Verification of Key Steps

The first delicate step is the deduction of strict diagonal dominance. Starting from

$$a_{ii}+\sum_{j\ne i}a_{ij}>0,$$

and using $a_{ij}<0$ for $j\ne i$, one obtains

$$a_{ij}=-|a_{ij}|.$$

Substitution gives

$$a_{ii}-\sum_{j\ne i}|a_{ij}|>0.$$

No weaker conclusion is possible. A careless argument that merely states $a_{ii}>0$ would lose the quantitative information needed later.

The second delicate step is the choice of the maximal component. Let $k$ satisfy

$$|x_k|=\max{|x_1|,|x_2|,|x_3|}.$$

Then

$$|a_{kj}x_j| \le |a_{kj}|,|x_k|$$

for every $j\ne k$. Summing these inequalities yields

$$\sum_{j\ne k}|a_{kj}|,|x_j| \le \left(\sum_{j\ne k}|a_{kj}|\right)|x_k|.$$

Without maximality, this estimate could fail, and the contradiction would not follow.

The third delicate point is dividing by $|x_k|$. This is valid because the solution was assumed nonzero and $k$ was chosen so that $|x_k|$ is maximal. If $|x_k|=0$, then every $|x_j|=0$, contradicting the assumption that the solution is nonzero.

Alternative Approaches

A different proof uses determinants. Lemma 1 shows that the matrix is strictly diagonally dominant by rows. One may then prove the theorem that every strictly diagonally dominant matrix is nonsingular. Applying that theorem immediately implies that the determinant of the coefficient matrix is nonzero, so the homogeneous system has only the trivial solution.

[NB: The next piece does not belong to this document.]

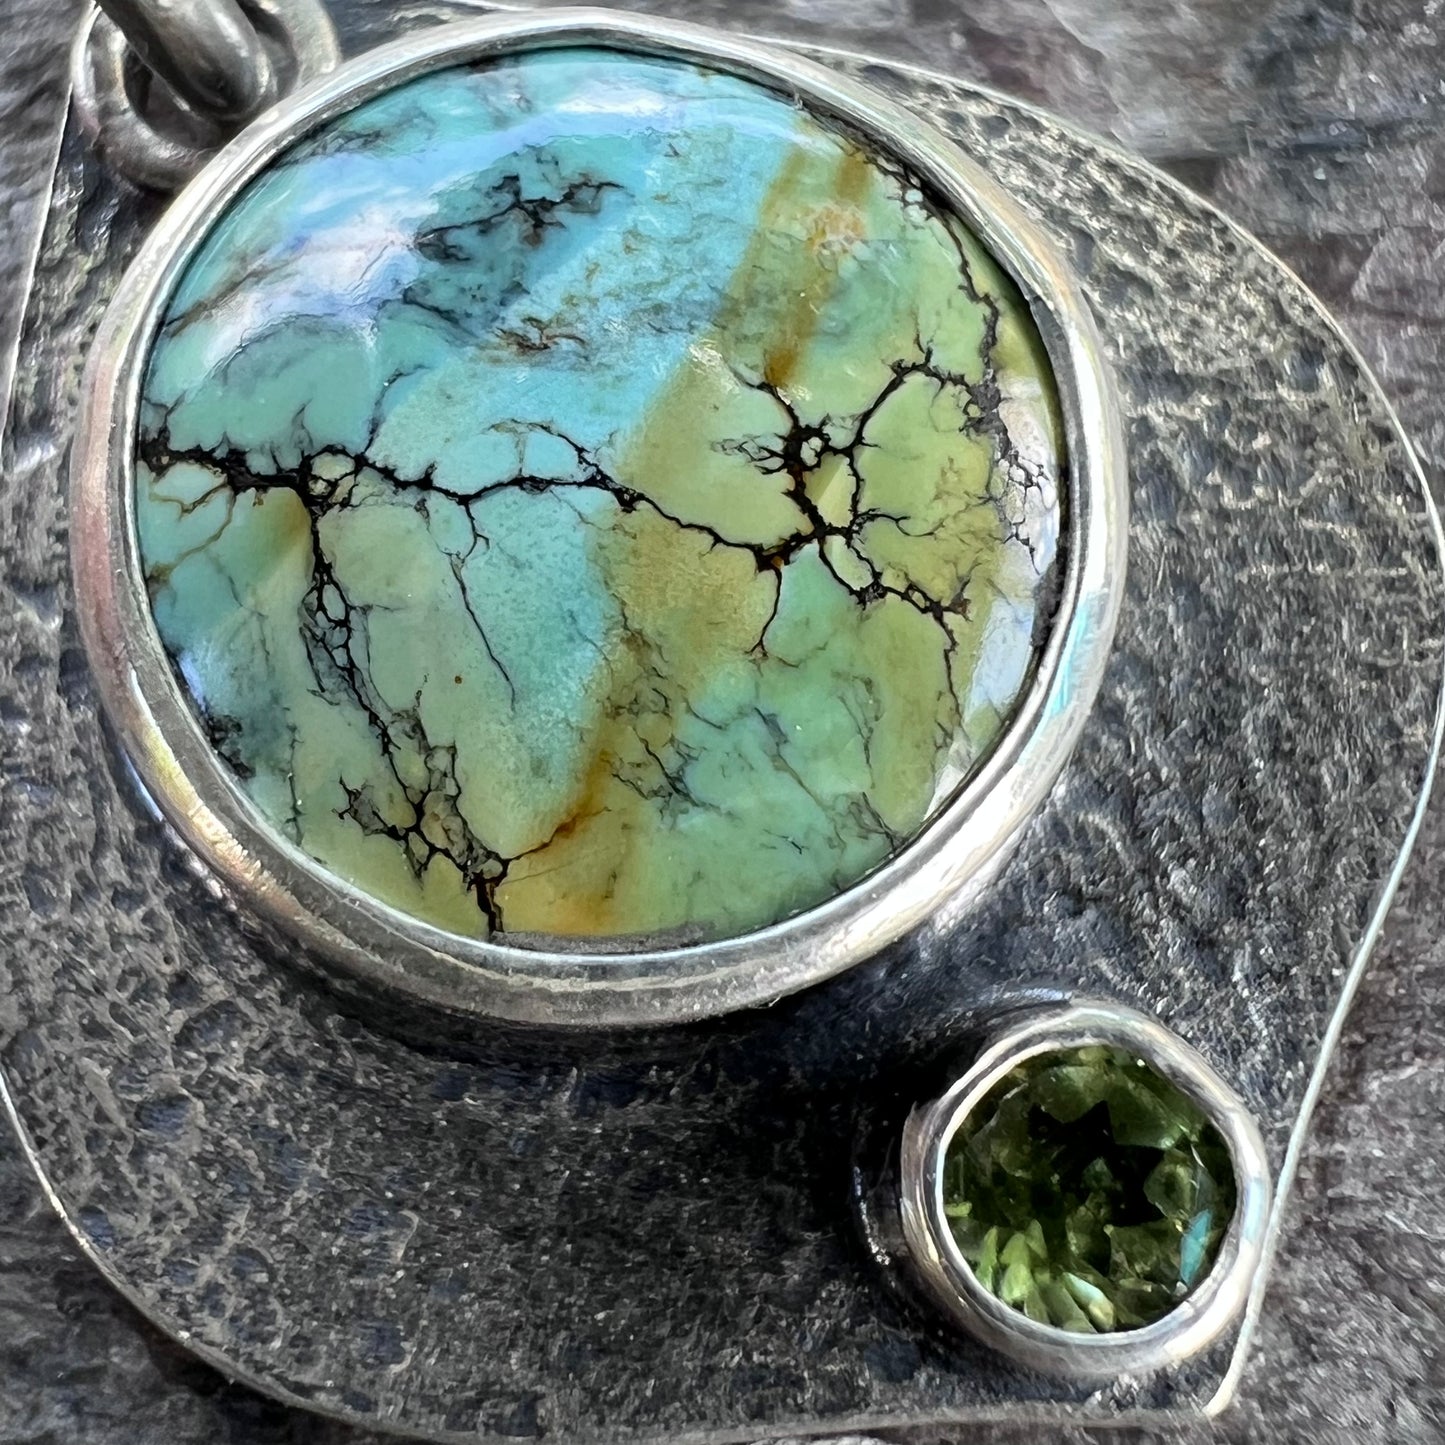 Turquoise and Peridot Sterling Silver Pendant - One-of-a-Kind Handmade Pendant

Another approach proceeds by contradiction using the largest and smallest coordinates separately. Let $x_k$ be a component with maximal value and $x_m$ a component with minimal value. The sign pattern of the coefficients allows one to derive incompatible inequalities for $x_k$ and $x_m$ from the corresponding equations. This method also exploits the positivity of the row sums, but it requires more case analysis than the maximal absolute value argument and is therefore less economical.